[Image Segmentation] SAM: Segment Anything Thesis Learning V1

Paper: 2304. Segment Anything
code: https://github.com/facebookresearch/segment-anything
official website and demo: https://segment-anything.com/
【Extended reading】——Comprehensive investigation of Segment Everything Model (SAM) : 2305.A Comprehensive Survey on Segment Anything Model for Vision and Beyond
应用】A plugin used in stable-diffusion-webui: https://github.com/continue-revolution/sd-webui-segment-anything

Summary: What is SAM?

SAM (Segment Anything Model) is a general segmentation model
that can annotate pictures through point selection, text input, and label boxes

Figure 1 Project content (release model, dataset):

Figure 1: Our goal is to build a base model for segmentation by introducing three interconnected components: a 可提示(promptable)segmentation task, a segmentation model (SAM) for 数据标注(powers data annotation), and through hint engineering. Zero-shot transfers for various tasks, and a data engine for collecting SA-1B, our dataset of over 1 billion masks
insert image description here

Model overview (SAM overview)

insert image description here
A heavyweight ( heavyweight) image encoder outputs a feature encoding of an image that can be efficiently queried by a variety of input cues promptsto achieve segmentation target masks and processed at amortized real-time speed. For ambiguous cues corresponding to multiple objects, SAM can output multiple effective masks, accompanied by confidence scores.
Remark

图像嵌入 image embeddingRefers to 固定长度高纬向量表示the process of converting an image into. It is achieved by feeding an image into an image encoder in a deep neural network
. An image encoder is a trained model that converts an image into A high-dimensional vector, where each dimension represents some feature or semantic information of the image.

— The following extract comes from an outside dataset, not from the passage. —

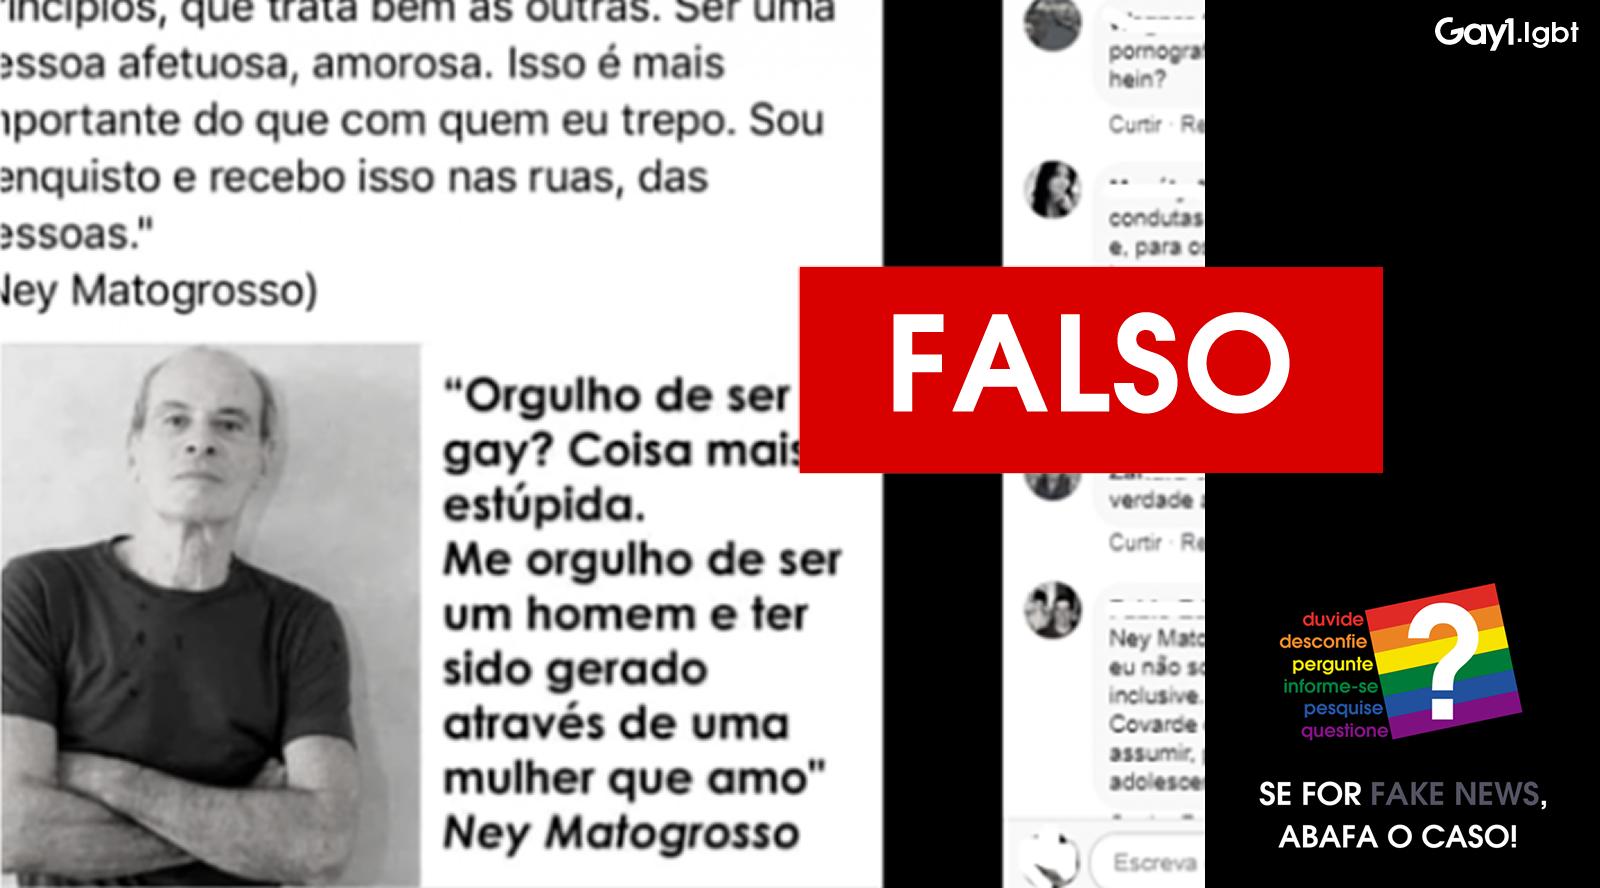 Posts falsos no Facebook atribuem declaração ao cantor Ney Matogrosso. (Foto: Reprodução/Arte Gay1)

By converting the image into a vector representation, we can use the distance measure in the vector space to measure the similarity or difference between images. This vector representation It can also be used as input for other tasks such as image classification, image retrieval, and image generation, etc.)

Partial renderings

Multi-result output for a fuzzy dot prompt

Each column shows 3 effective masks generated by SAM from an ambiguous point prompt (green circle)
insert image description here

Zero-shot reasoning capabilities on various datasets

"Zero-shot" generally refers to the ability of a model to predict or process a specific task without being trained on it
insert image description here

Zero-shot edge detection capability

Zero-shot edge prediction
insert image description here

Segmentation based on text prompts (Zero-shot text-to-mask)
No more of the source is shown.